*THE PROBLEM*. From the line that contains "Værdien af cloud-markedet i Italien" to the final line below, both included, print each line exactly and skip the pictures.

*INFORMATION SUPPLIED*.
____

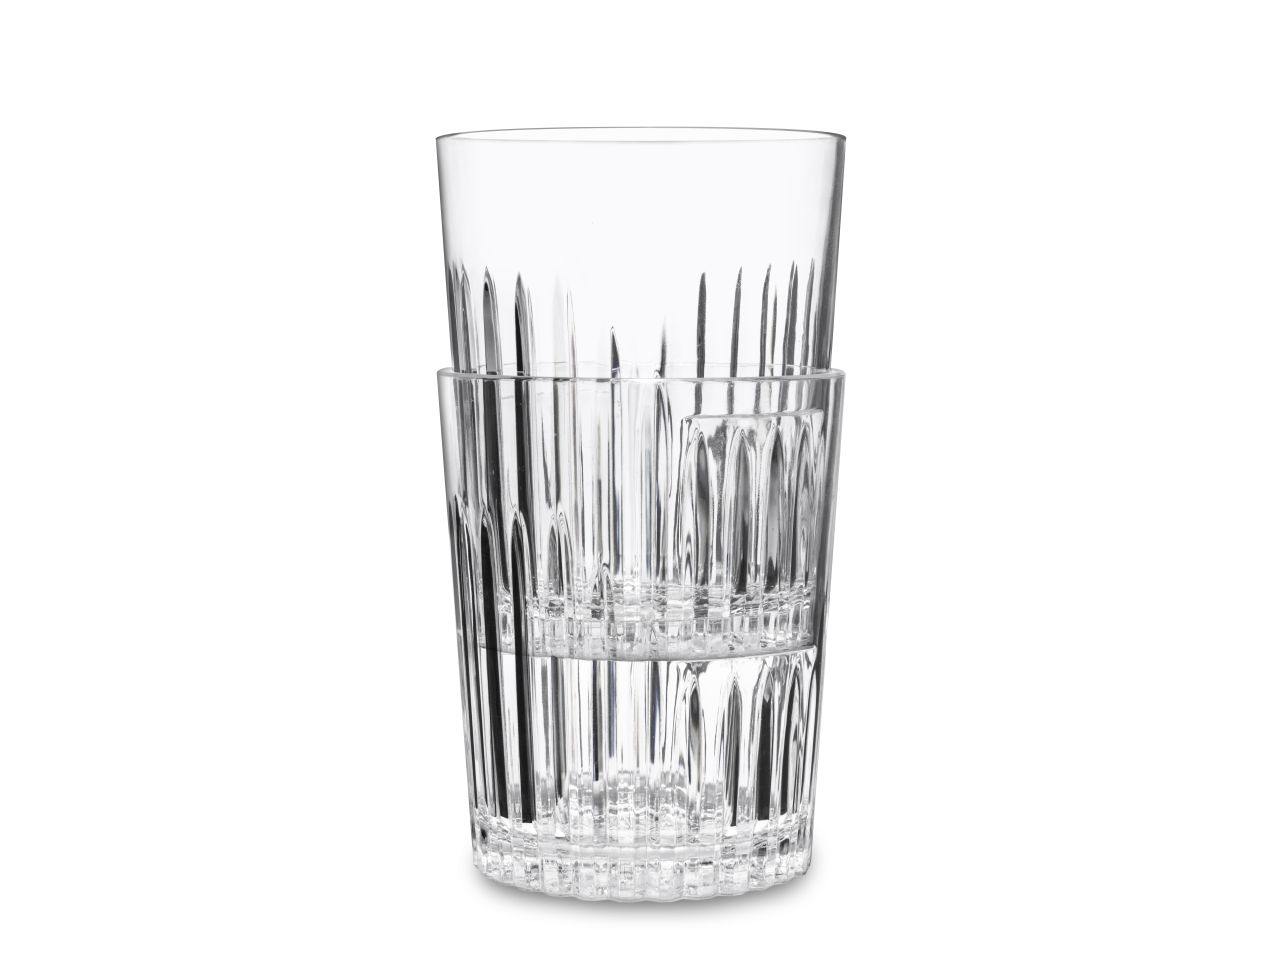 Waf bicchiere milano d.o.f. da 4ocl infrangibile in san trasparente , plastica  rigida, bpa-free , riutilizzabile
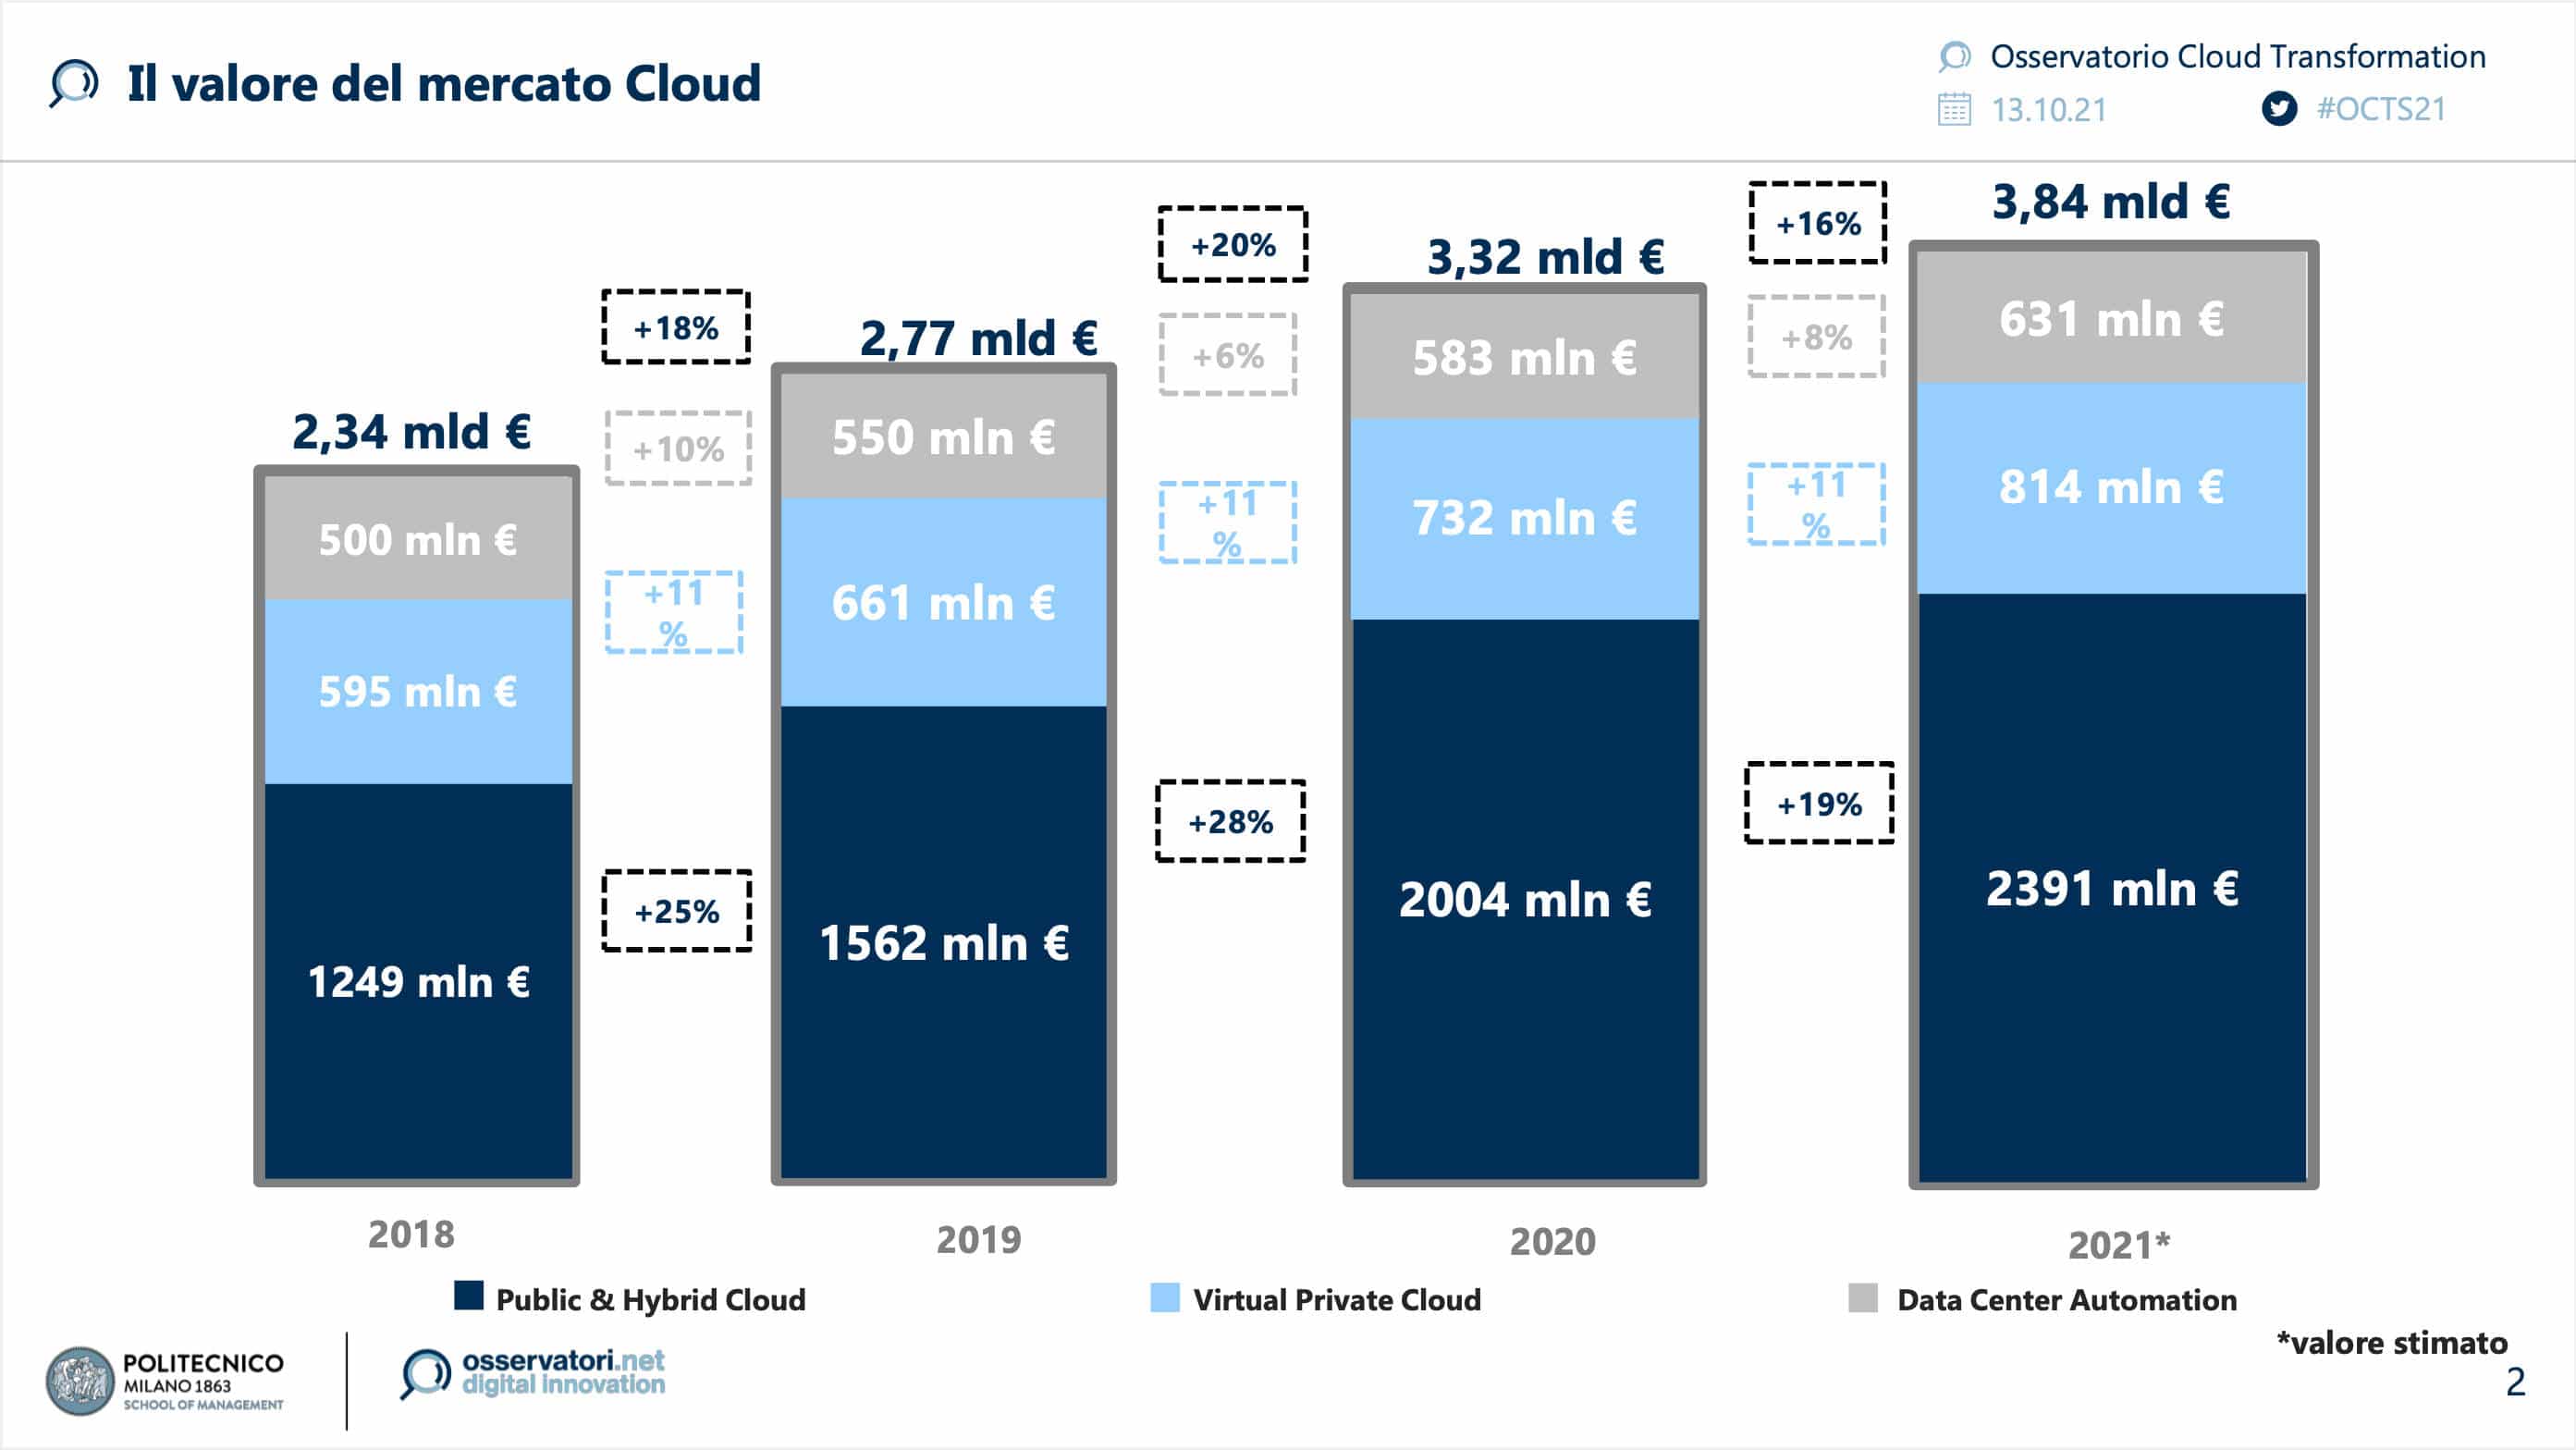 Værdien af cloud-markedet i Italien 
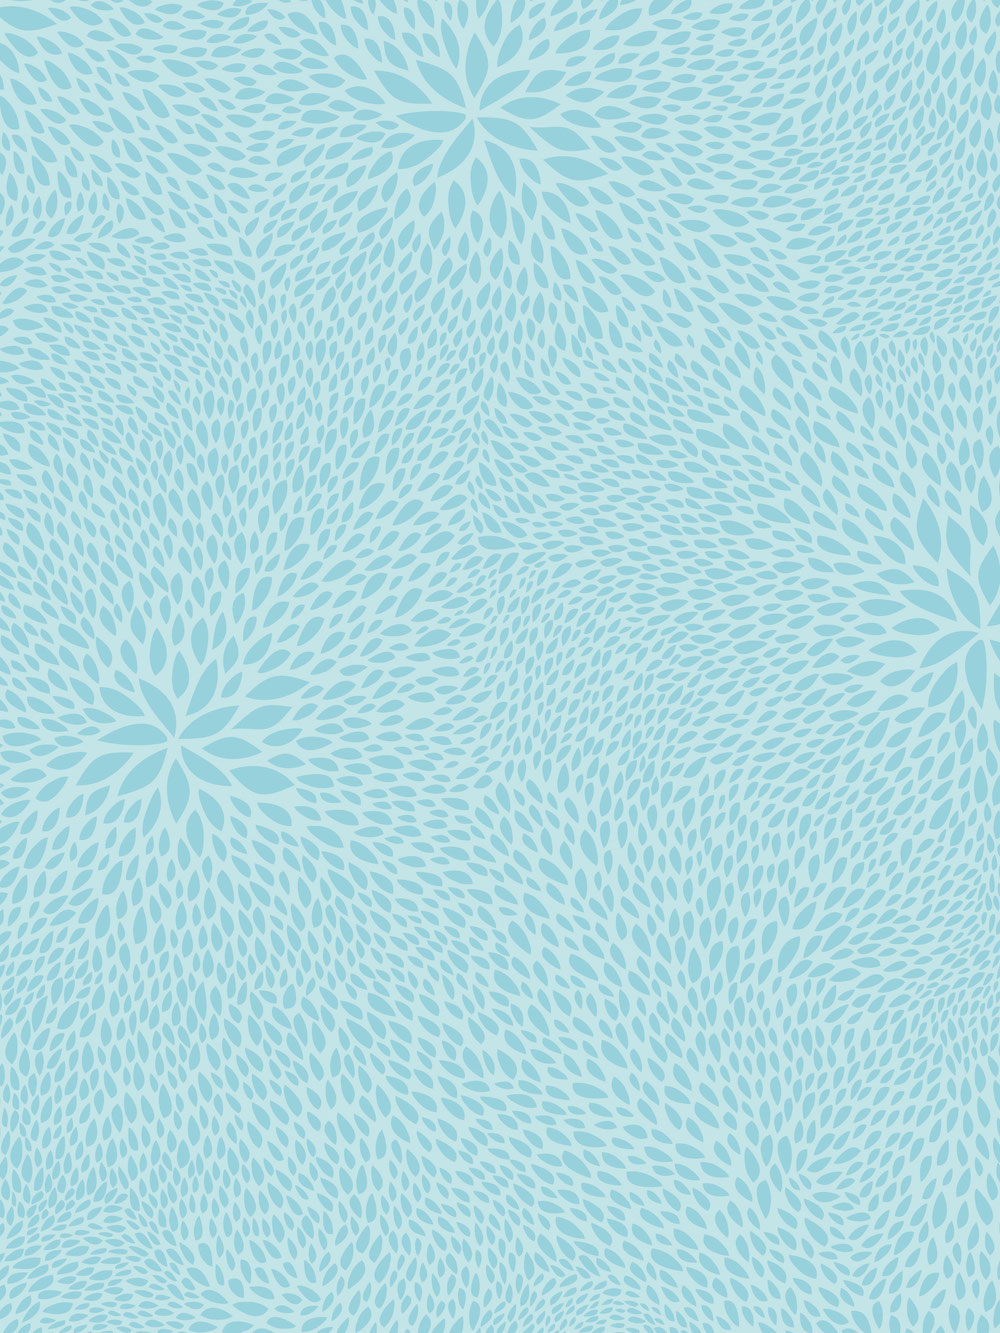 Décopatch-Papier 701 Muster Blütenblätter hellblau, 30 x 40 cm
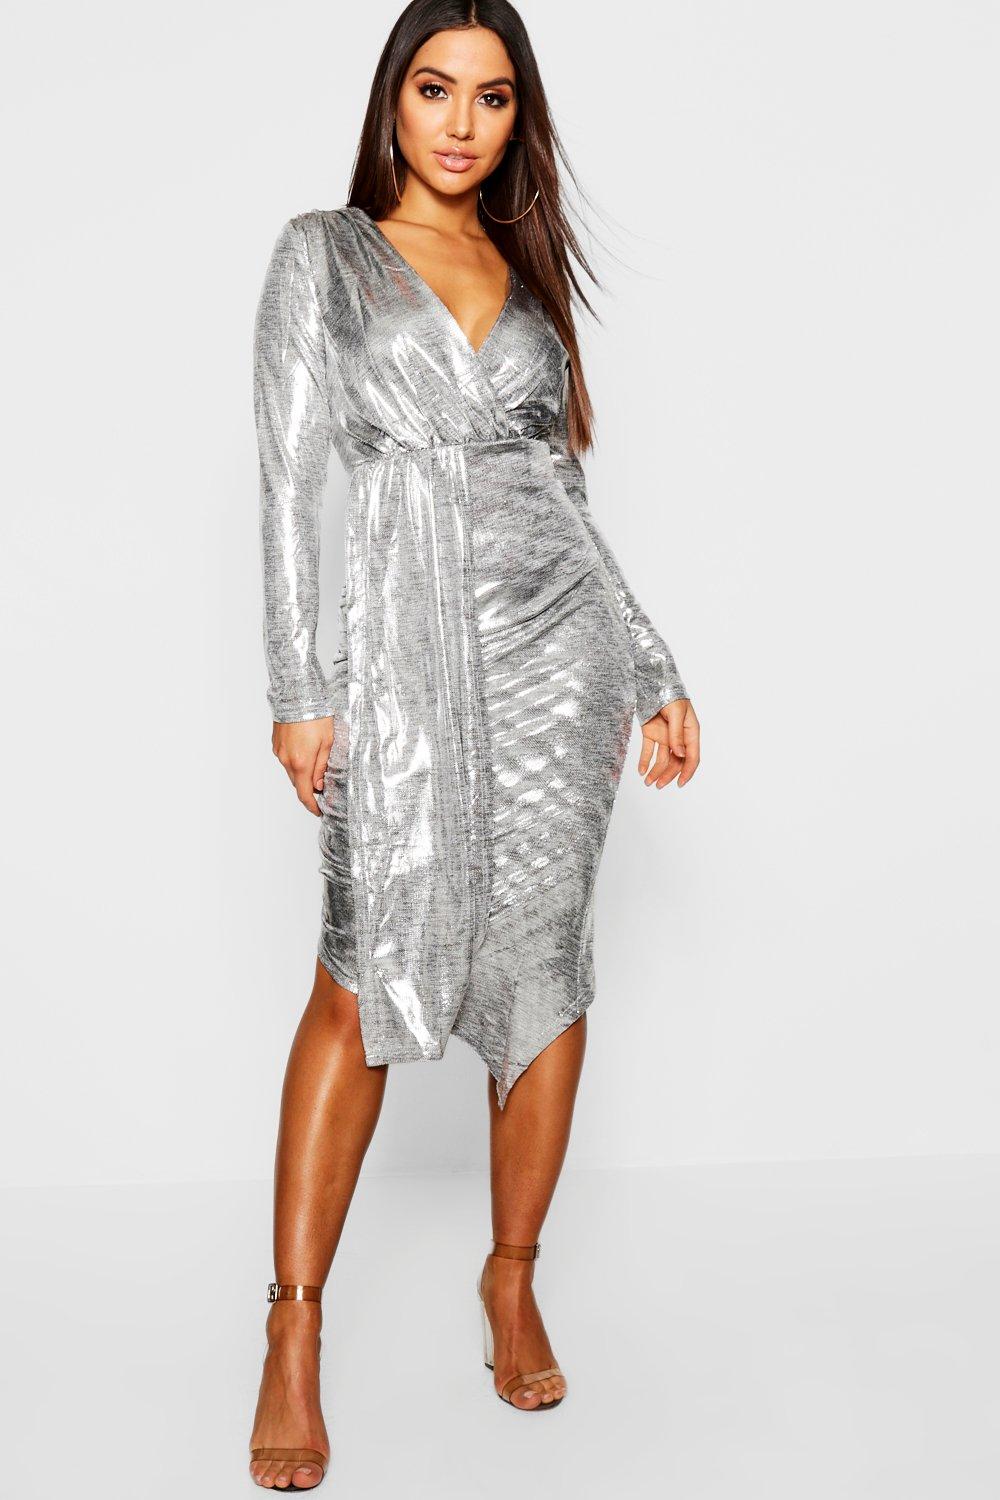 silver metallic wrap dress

____

*RESULT OF THE TASK*.
 Værdien af cloud-markedet i Italien 
 Décopatch-Papier 701 Muster Blütenblätter hellblau, 30 x 40 cm
 silver metallic wrap dress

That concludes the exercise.